Few things are as iconic of the 21st century imagined by visionaries and science fictioneers of the 20th as the personal rocketbelt: just strap one on and take to the air, without complications such as wings, propellers, pilots, fuselage, or landing gear. Flying belts were a fixture of Buck Rogers comic strips and movie serials, and in 1965 Isaac Asimov predicted that by 1990 office workers would beat the traffic by commuting to work in their personal rocketbelts.

The possibilities of a personal flying machine did not escape the military, which imagined infantry soaring above the battlefield and outflanking antiquated tanks and troops on the ground. In the 1950s, engineers at the Bell Aircraft Corporation, builders of the X-1, the first plane to break the sound barrier, built prototypes of rocketbelts powered by monopropellant hydrogen peroxide, and eventually won a U.S. Army contract to demonstrate such a device. On April 20th, 1961, the first free flight occurred, and a public demonstration was performed the following June 8th. The rocketbelt was an immediate sensation. The Bell rocketbelt appeared in the James Bond film Thunderball, was showcased at the 1964 World's Fair in New York, at Disneyland, and at the first Super Bowl of American football in 1967. Although able to fly only twenty-odd seconds and reach an altitude of about 20 metres, here was Buck Rogers made real—certainly before long engineers would work out the remaining wrinkles and everybody would be taking to the skies.

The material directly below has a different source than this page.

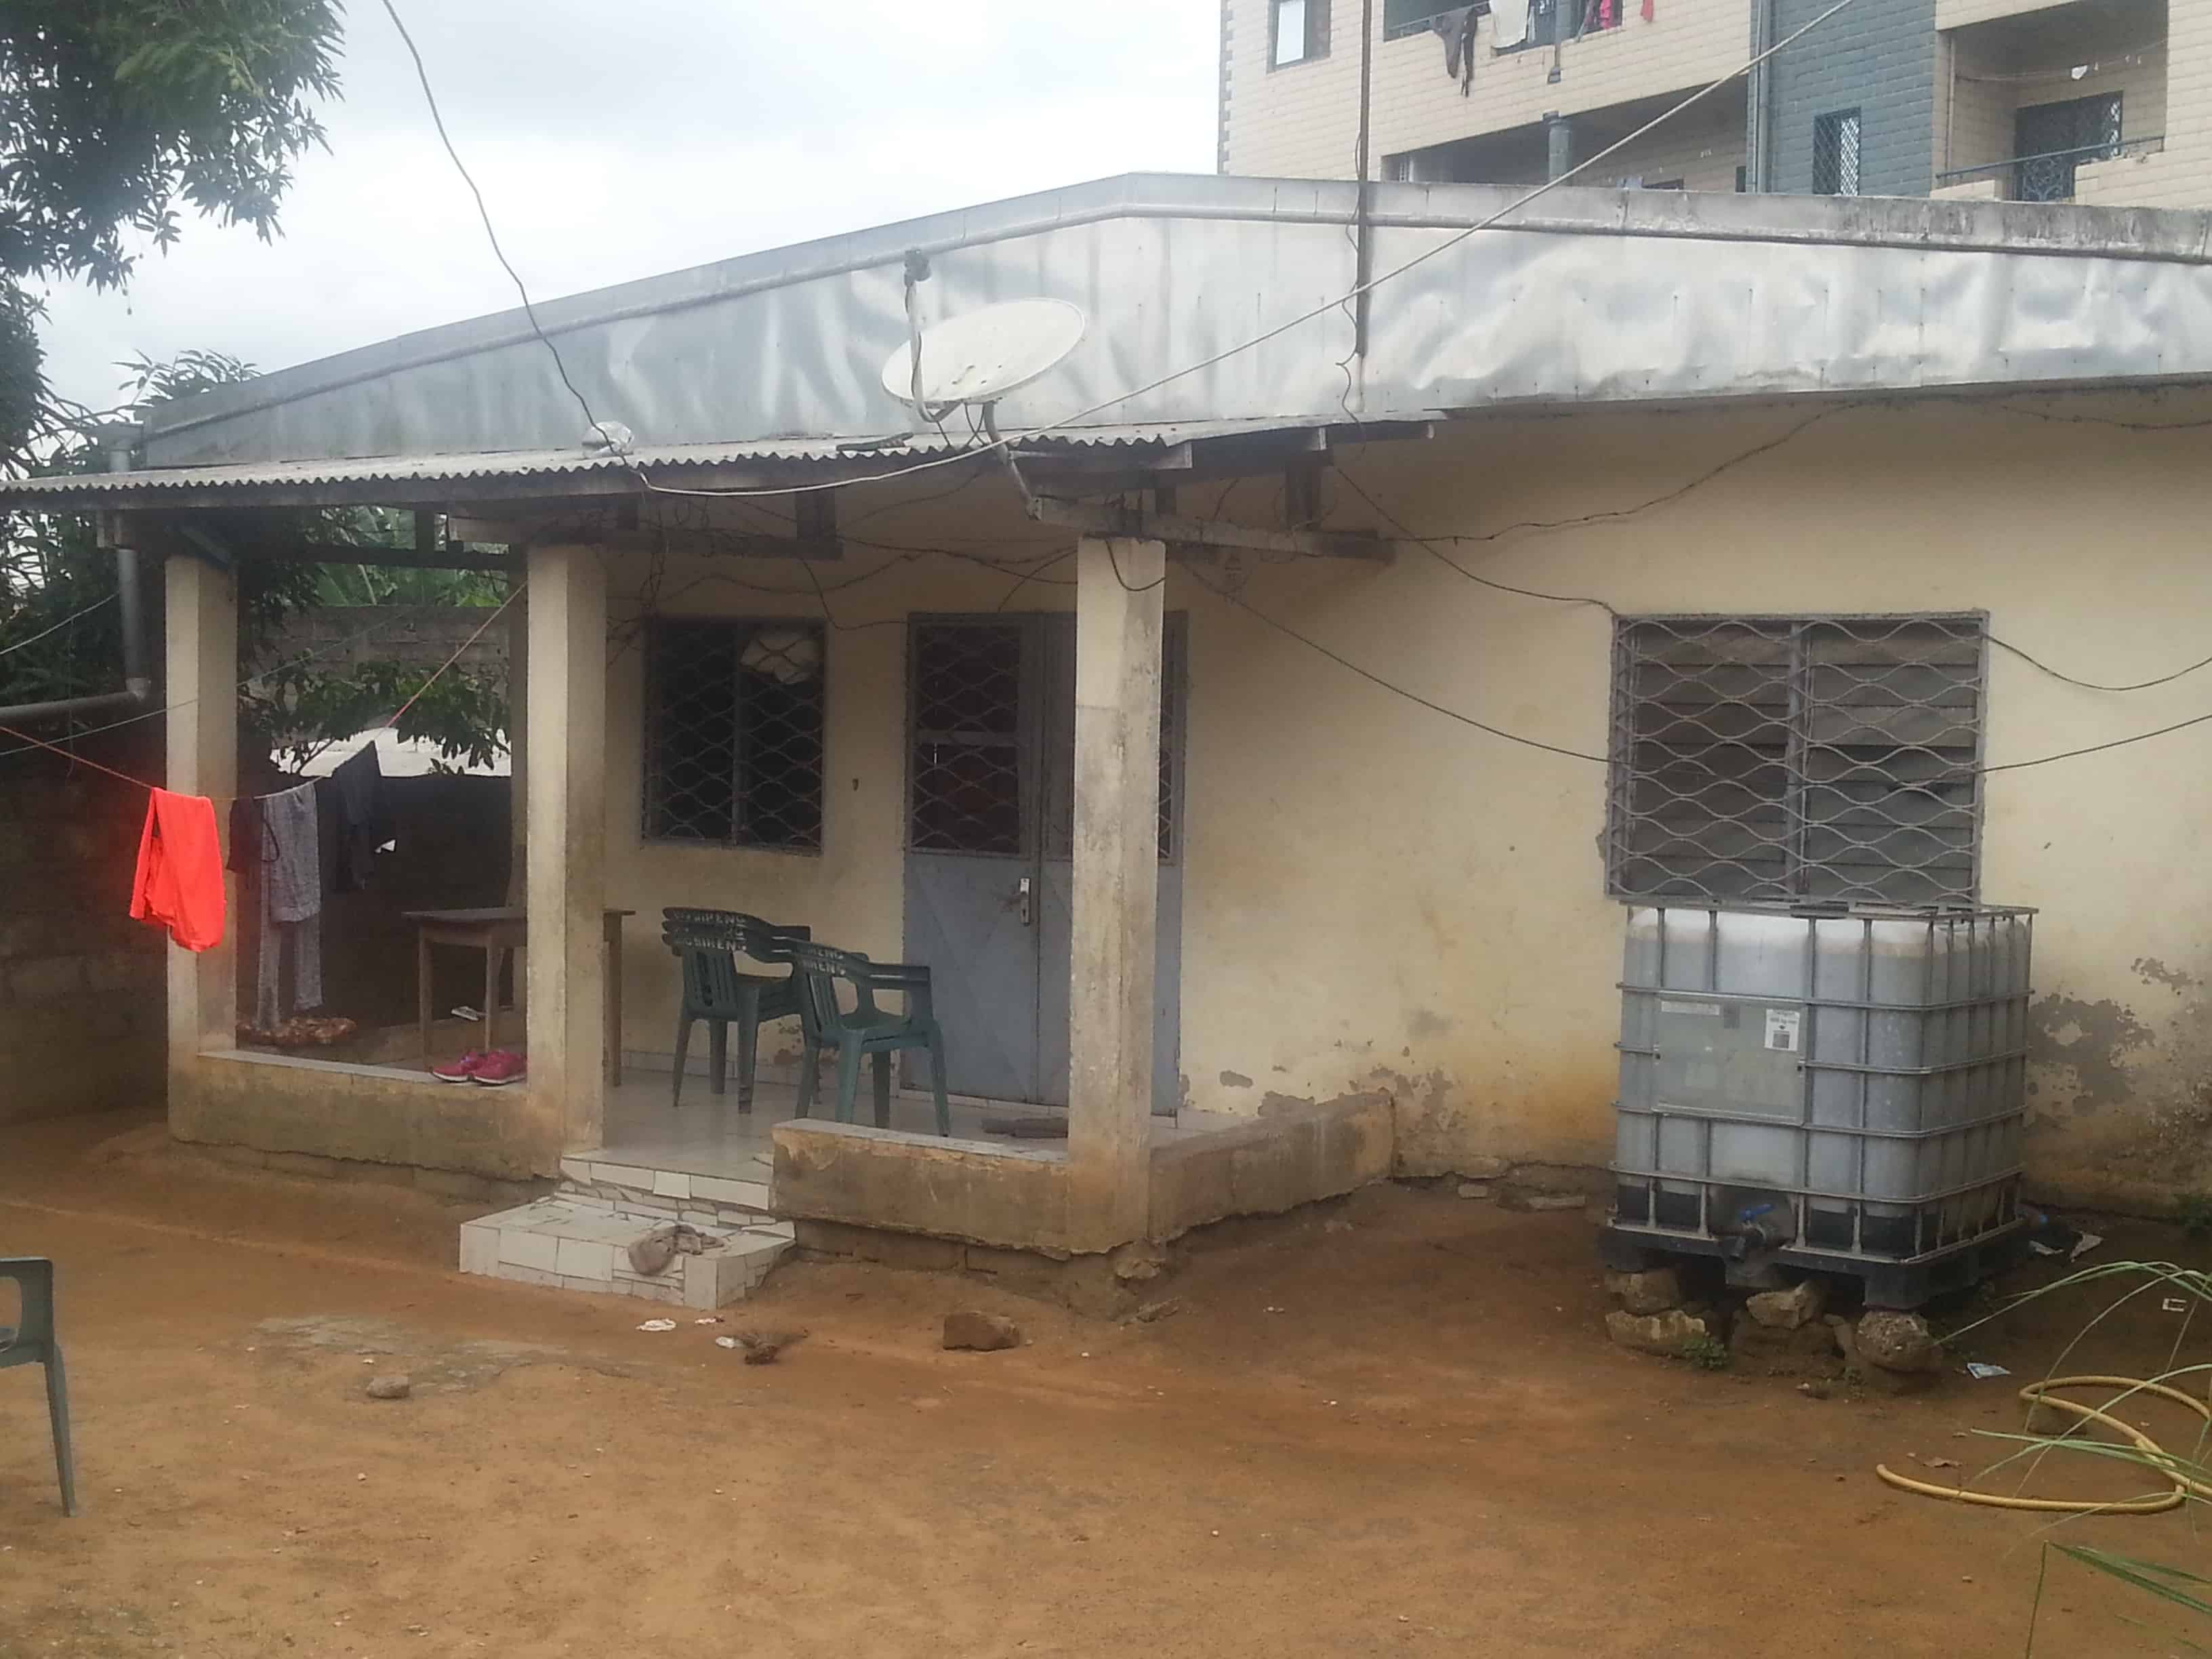 House (Villa) for sale - Douala, Cite Ubo Palmiers, Lycée - 1 living room(s), 3 bedroom(s), 2 bathroom(s) - 16 000 000 FCFA / month

And then a funny thing happened—nothing. Wendell Moore, creator of the rocketbelt at Bell, died in 1969 at age 51, and with no follow-up interest from the U.S. Army, the project was cancelled and the Bell rocketbelt never flew again. Enter Nelson Tyler, engineer and aerial photographer, who on his own initiative built a copy of the Bell rocketbelt which, under his ownership and subsequent proprietors made numerous promotional appearances around the world, including the opening ceremony of the 1984 Olympics in Los Angeles, before a television audience estimated in excess of two billion.

All of this is prologue to the utterly bizarre story of the RB-2000 rocketbelt, launched by three partners in 1992, motivated both by their individual obsession with flying a rocketbelt and dreams of the fortune they'd make from public appearances: the owners of the Tyler rocketbelt were getting US$25,000 per flight at the time. Obsession is not a good thing to bring to a business venture, and things rapidly went from bad to worse to truly horrid. Even before the RB-2000's first and last public flight in June 1995 (which was a complete success), one of the partners had held a gun to another's head who, in return, assaulted the first with a hammer, inflicting serious wounds. In July of 1998, the third partner was brutally murdered in his home, and to this day no charges have been made in the case. Not long thereafter one of the two surviving partners sued the other and won a judgement in excess of US$10 million and custody of the RB-2000, which had disappeared immediately after its sole public flight. When no rocketbelt or money was forthcoming, the plaintiff kidnapped the defendant and imprisoned him in a wooden box for eight days, when fortuitous circumstances permitted the victim to escape. The kidnapper was quickly apprehended and subsequently sentenced to life plus ten years for the crime (the sentence was later reduced to eight years). The kidnappee later spent more than five months in jail for contempt of court for failing to produce the RB-2000 in a civil suit. To this day, the whereabouts of the RB-2000, if it still exists, are unknown.

Now, you don't need to be a rocket scientist to figure out that flitting through the sky with a contraption powered by highly volatile and corrosive propellant, with total flight time of 21 seconds, and no backup systems of any kind is a perilous undertaking. But who would have guessed that trying to do so would entail the kinds of consequences the RB-2000 venture inflicted upon its principals?

A final chapter covers recent events in rocketbelt land, including the first International Rocketbelt Convention in 2006. The reader is directed to Peter Gijsberts' www.rocketbelt.nl site for news and additional information on present-day rocketbelt projects, including commercial ventures attempting to bring rocketbelts to market. One of the most remarkable things about the curious history of rocketbelts is that, despite occasional claims and ambitious plans, in the more than 45 years which have elapsed since the first flight of the Bell rocketbelt, nobody has substantially improved upon its performance.

A U.S. Edition was published in 2005, but is now out of print.